The website allows users to view the indicator data by firm subgroup categories such as (a) business sector, firm size, or sub-national location (sample design stratification variables) and (b) exporting status, gender of top manager, or domestic vs. foreign ownership (ex post groupings). For example, to view the business environment indicators for Mexico through a gender lens, choose “Gender of Top Manager” in the “View Data by Firm Subgroups” option for each topic sub-window on the Mexico page. The custom query feature allows users to download the standard error and number of observation statistics associated with these indicators.
Who is surveyed:
The Enterprise Survey is answered by business owners and top managers. Sometimes the survey respondent calls company accountants and human resource managers into the interview to answer questions in the sales and labor sections of the survey. Typically 1200-1800 interviews are conducted in larger economies, 360 interviews are conducted in medium-sized economies, and for smaller economies, 150 interviews take place.
The manufacturing and services sectors are the primary business sectors of interest. This corresponds to firms classified with ISIC codes 15-37, 45, 50-52, 55, 60-64, and 72 (ISIC Rev.3.1). Formal (registered) companies with 5 or more employees are targeted for interview. Services firms include construction, retail, wholesale, hotels, restaurants, transport, storage, communications, and IT. Firms with 100% government/state ownership are not eligible to participate in an ES. Occasionally, for a few surveyed countries, other sectors are included in the companies surveyed such as education or health-related businesses. In each country, businesses in the cities/regions of major economic activity are interviewed.
In some countries, other surveys, which depart from the usual ES methodology, are conducted. Examples include (a) Informal Surveys- surveys of informal (unregistered) enterprises, (b) Micro Surveys- surveys fielded to registered firms with less than five employees, and (c) Financial Crisis Assessment Surveys- short surveys administered by telephone to assess the effects of the global financial crisis of 2008-09.
Gender-related research:
ES data and indicators have been used for several analytical works on gender.

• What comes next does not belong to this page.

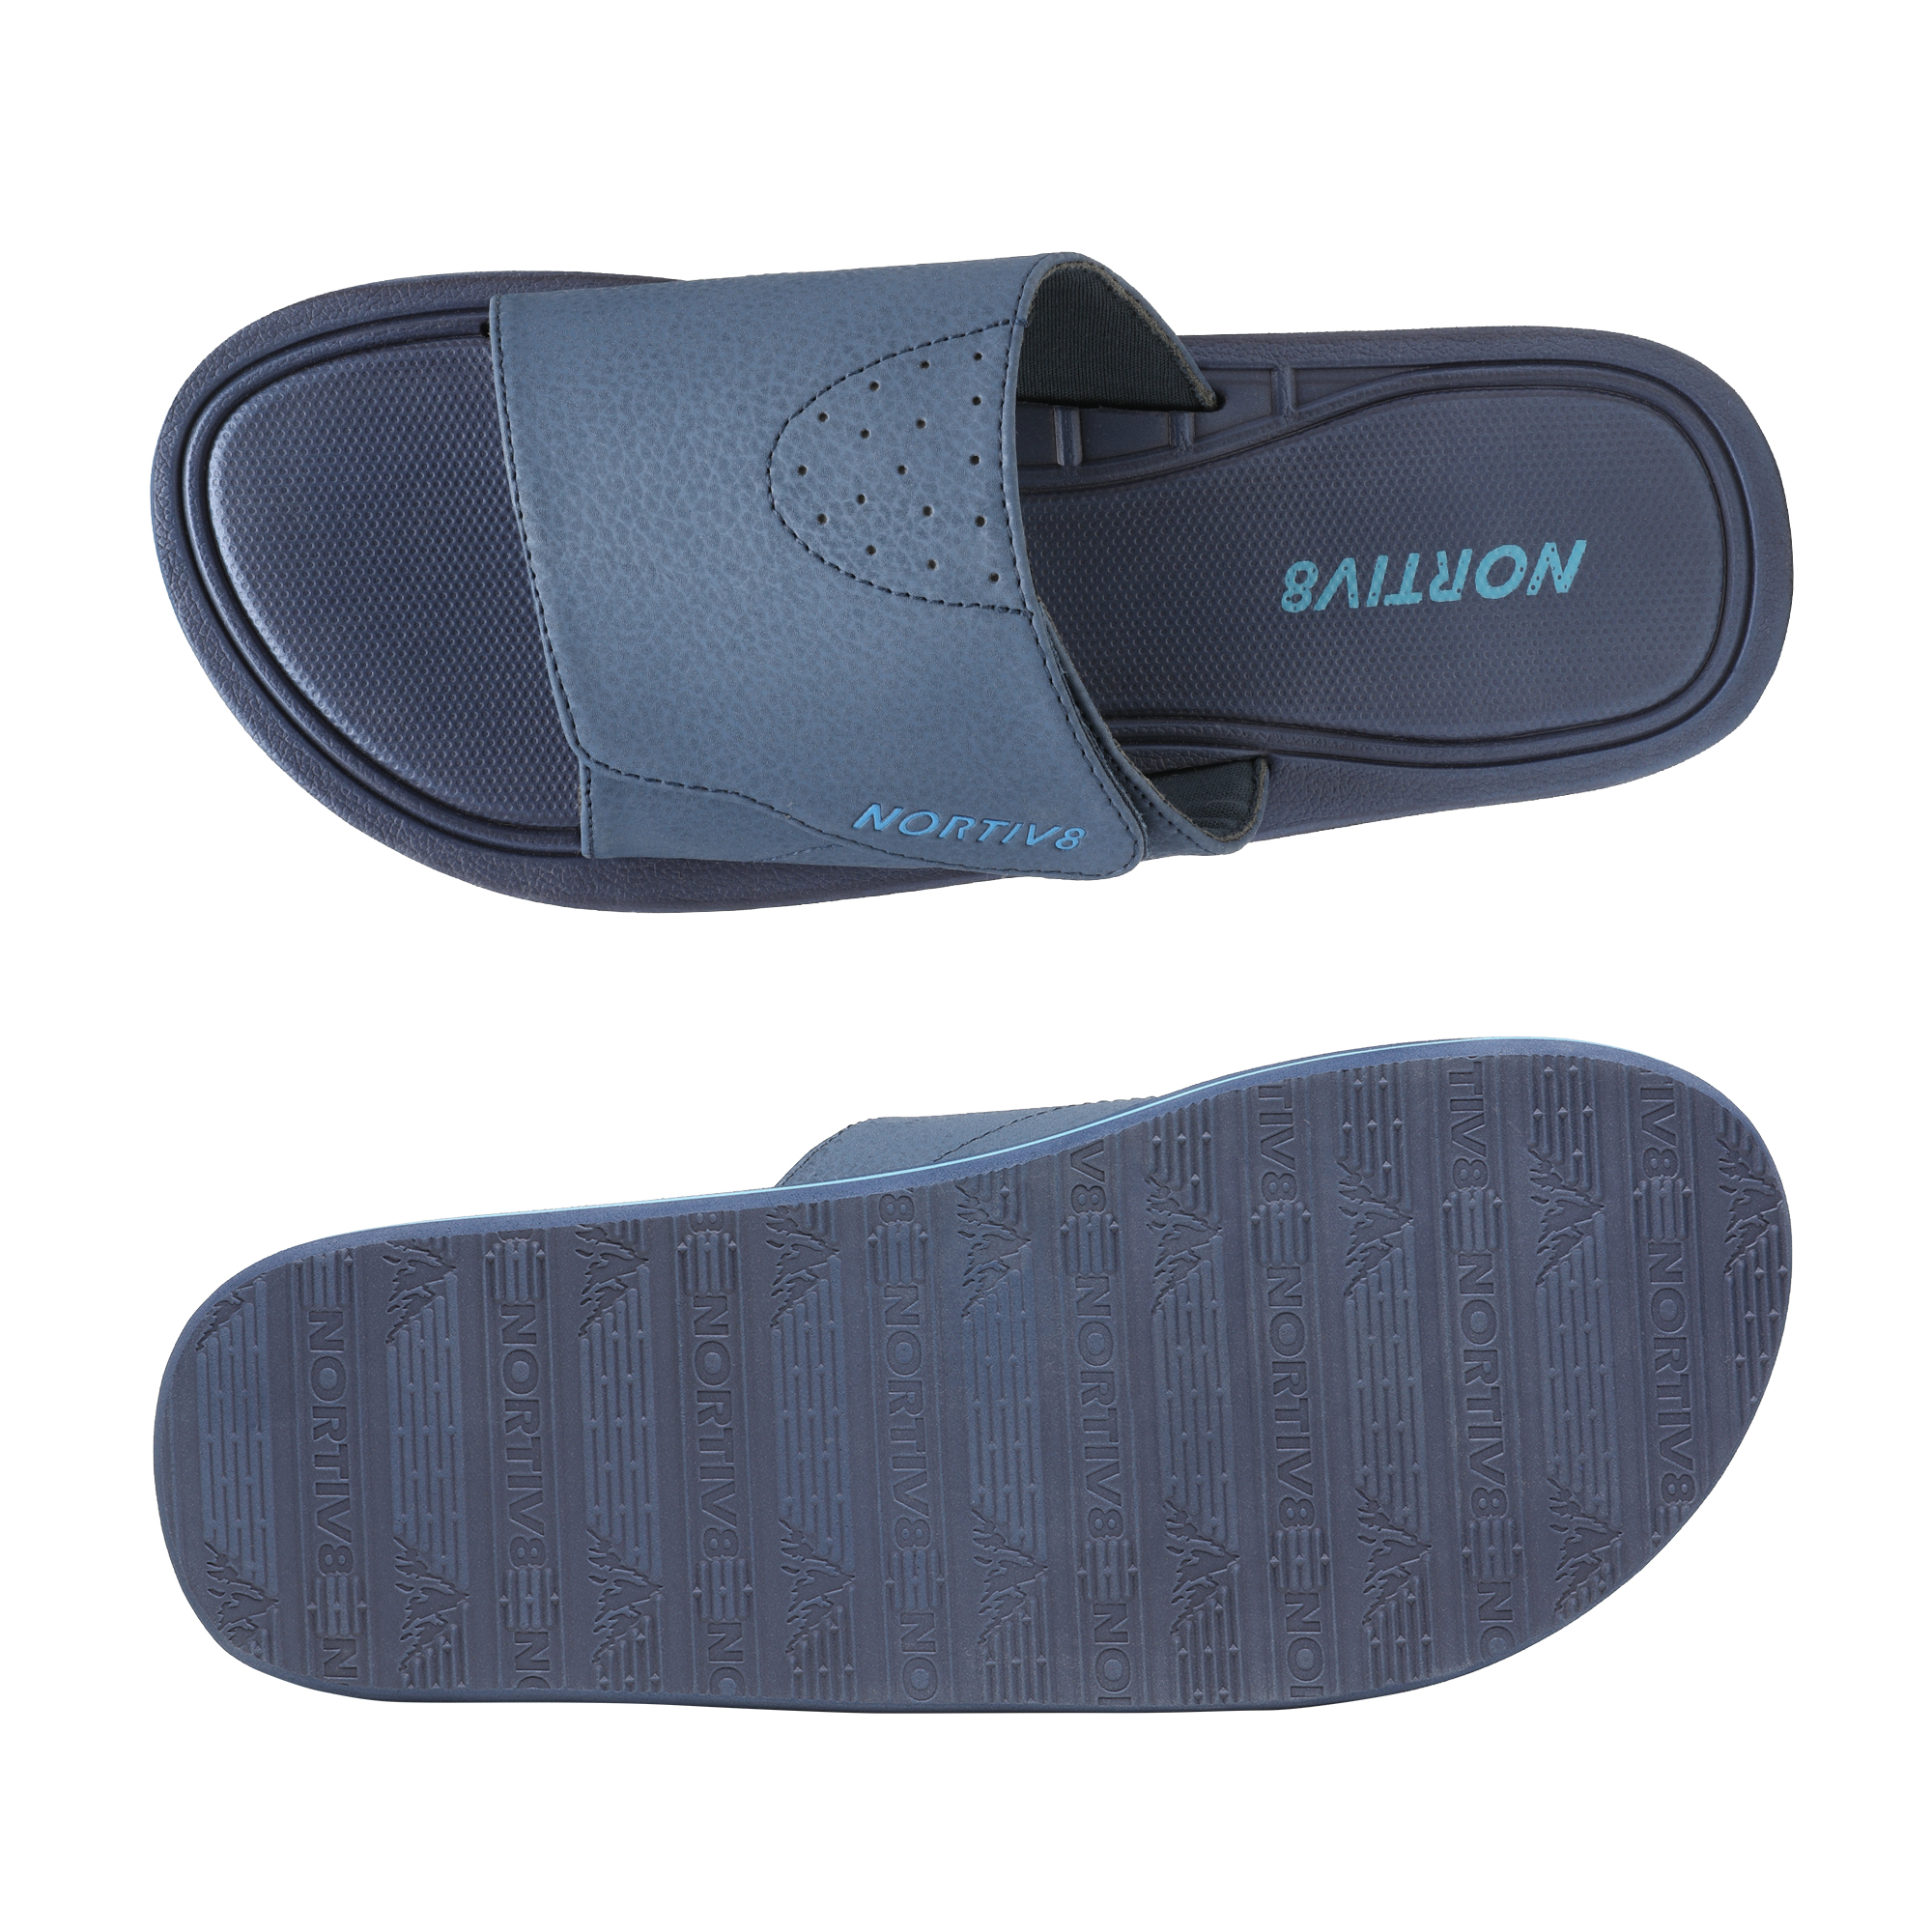 Nortiv8 Men's Memory Foam Adjustable Slide Sandals Comfort Lightweight Summer Beach Sandals Shoes FUSION NAVY Size 15 - image 3 of 5

The ES data are among the main primary data sources in the 2011 Report on “Strengthening Access to Finance for Women-Owned SMEs in Developing Countries”. The report, produced by the IFC on behalf of the G-20 Global Partnership for Financial Inclusion (GPFI) SME Finance Sub-Group, provides evidence on financial and non-financial barriers to women-owned businesses as well as on the contribution of women entrepreneurs in economic development. Research on gender differences in productivity based on ES data has been incorporated in the broader World Bank Group’s effort that led to the World Development Report (WDR) on Gender Equality and Development and the regional companion pieces to the WDR. In 2011, the Enterprise Analysis Unit produced the Enterprise Note on Gender and Informality in Latin America: Labor productivity, firm-size and gender: the case of informal firms in Argentina and Peru.
The Enterprise Surveys data can be used in conjunction with the Women Business and the Law data to analyze the relationship between the challenges that women’ entrepreneurs face in expanding their businesses and in creating jobs and the legal and regulatory environment in which they live and operate.